El Centrocampista

Viva Espana! A season of redemption for Spanish football

Ronaldo & Diego Costa

When Marca’s back-page depicted a crestfallen Jordi Alba on his knees following his team’s 7-0 aggregate defeat at the hands of Bayern Munich in May 2013, the young full-back personified the mood of a nation: Spain’s time was over – now “inane and soulless”, according to Spanish daily AS. The Bundesliga was the future.

As one British journalist wrote at the time: “The European balance of power has moved north (to Germany).”

Yet a year on from that fateful week, Spanish football has enjoyed arguably the greatest season of all time.

Before a ball had even been kicked, mouths were watering at the arrivals of samba sensation Neymar and Gareth Bale, the world’s most expensive player.

The Brazilian had a mediocre inaugural season at Barcelona, distracted by his own transfer turmoil and petrified of injury prior to this summer’s World Cup. Nevertheless, he fought for the cause when least expected, thriving in Messi’s absence and starring in Barca’s dismal Champions League performances against Atletico Madrid. He will offer much more next season.

Bale, on the other hand, has already provided Los Blancos faithful with memories they will forever cherish.

First, the Copa Del Rey final, dubbed “The Bale final” after the Welshman raced past Marc Bartra five minutes from time, leaving the pitch in the process, before slotting home to claim Real’s first silverwear of the season.

Then in Lisbon, just nine months after his mega-money move, Bale achieved Galacticos status when his crucial extra-time header helped Real to achieve the unprecedented: “La Decima”.

Yet this season has been about more than just the big two.

Real’s opponents in the penultimate game of the season were neighbours Atletico, producing the first ever all-Madrid Champions League final. El Pupas again in Europe, Atletico ruled domestically – the first team outside of Spain’s dominant duopoly to win La Liga since Rafa Benitez’s Valencia in 2004.

Spearheaded by the world’s best number 9, Atletico have transformed themselves from Spain’s third best side into one of the most feared teams in Europe. Never in the history of Spanish football has a team so successfully adopted such a dogged, never-say-die attitude in order to be crowned champions, typified during their encapsulating showdown with Barca on the final day of the season.

Simeone’s winning machine has been a joy to watch at the Vincente Calderon this season. The challenge now is to keep on winning.
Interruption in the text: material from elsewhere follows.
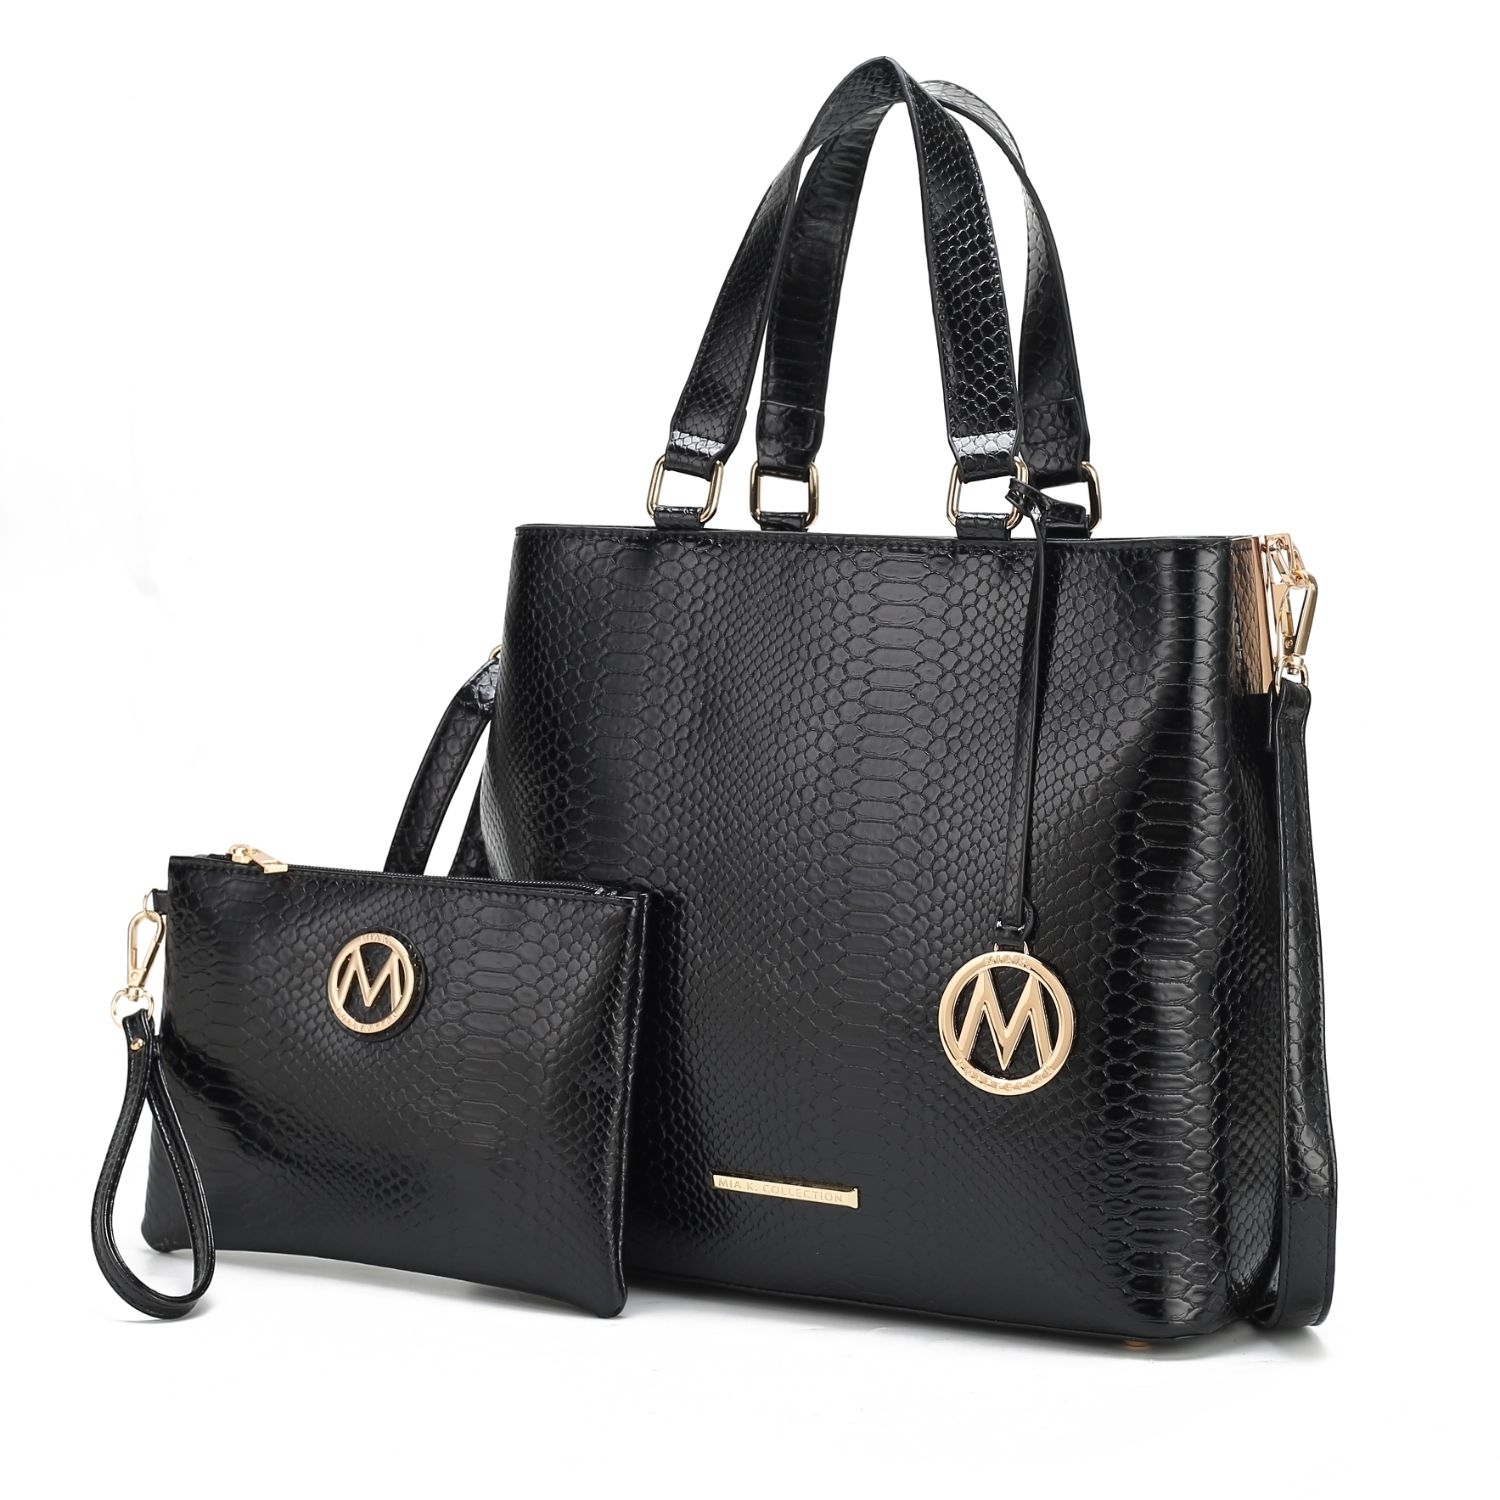 MKF Collection Beryl Snake-embossed Vegan Leather Women's Tote Bag With Wristlet - 2 Pieces, By Mia K - Denim

Los Rojiblancos should take heed of Dortmund’s fall from grace if they are to challenge again next season. The yellow-clad Germans were once the darlings of European football, until a poor summer transfer window saw Mario Goetze defect to Bayern and talisman Robert Lewandowski unsettled following his friend’s departure. Here’s hoping Simeone & Co. can avoid becoming just another one-season wonder.

Where Bayern’s financial power has blown away any domestic competition in Germany, this season’s unpredictability has highlighted a remarkable strength-in-depth throughout Spanish football.

Europe’s two major trophies are now occupied by Spanish clubs after Sevilla overcame an enthralling Europa Leaue semi-final with Valencia before beating Benfica on penalties in a nail-biting final.

Unai Emery’s work at the Sanchez Pizjuan this season has been nothing short of remarkable. Given a shoestring budget last summer, the flair and guile in which his side has played this season means that Sevilla is now home to some of the hottest property in European football.

The same can be said for fellow overachievers Villarreal. The Yellow Submarine showed little fear on its return to the top flight and have played some of the most attractive football in the league.

While Sevilla and Sociedad look set to loose key players this summer, big names have been linked with the Castellon club. Is El Madrigal destined to host Champions League football once more? Watch this space.

The 2013-14 La Liga campaign was also the season in which nobody was safe.

With four games remaining just nine points separated 18th-placed Getafe from Levante, in 9th. The month that ensued was nothing short of an all-out dogfight.

Getafe survived the run-in unscathed, drawing at the Nou Camp before beating Sevilla and then Rayo on the final day of the season. Almeria fans would also bask in final-day euphoria after a goalless draw to Bilbao provided the point they needed to stay up.

However, the real drama was unfolding in Pamplona. Convinced that a win would ensure survival, Osasuna’s fans ended up shattering their own stadium when celebrating Oriel Riera’s 12th-minute opener. The home team went on to beat relegated opponents Betis following the stand collapse, but it was not enough to avoid the drop and the two sides will join Valladolid in Segunda Division.

From the Madrid’s to the minnows, it’s been a year to remember for Spanish football. Viva La Roja! And bring on next season!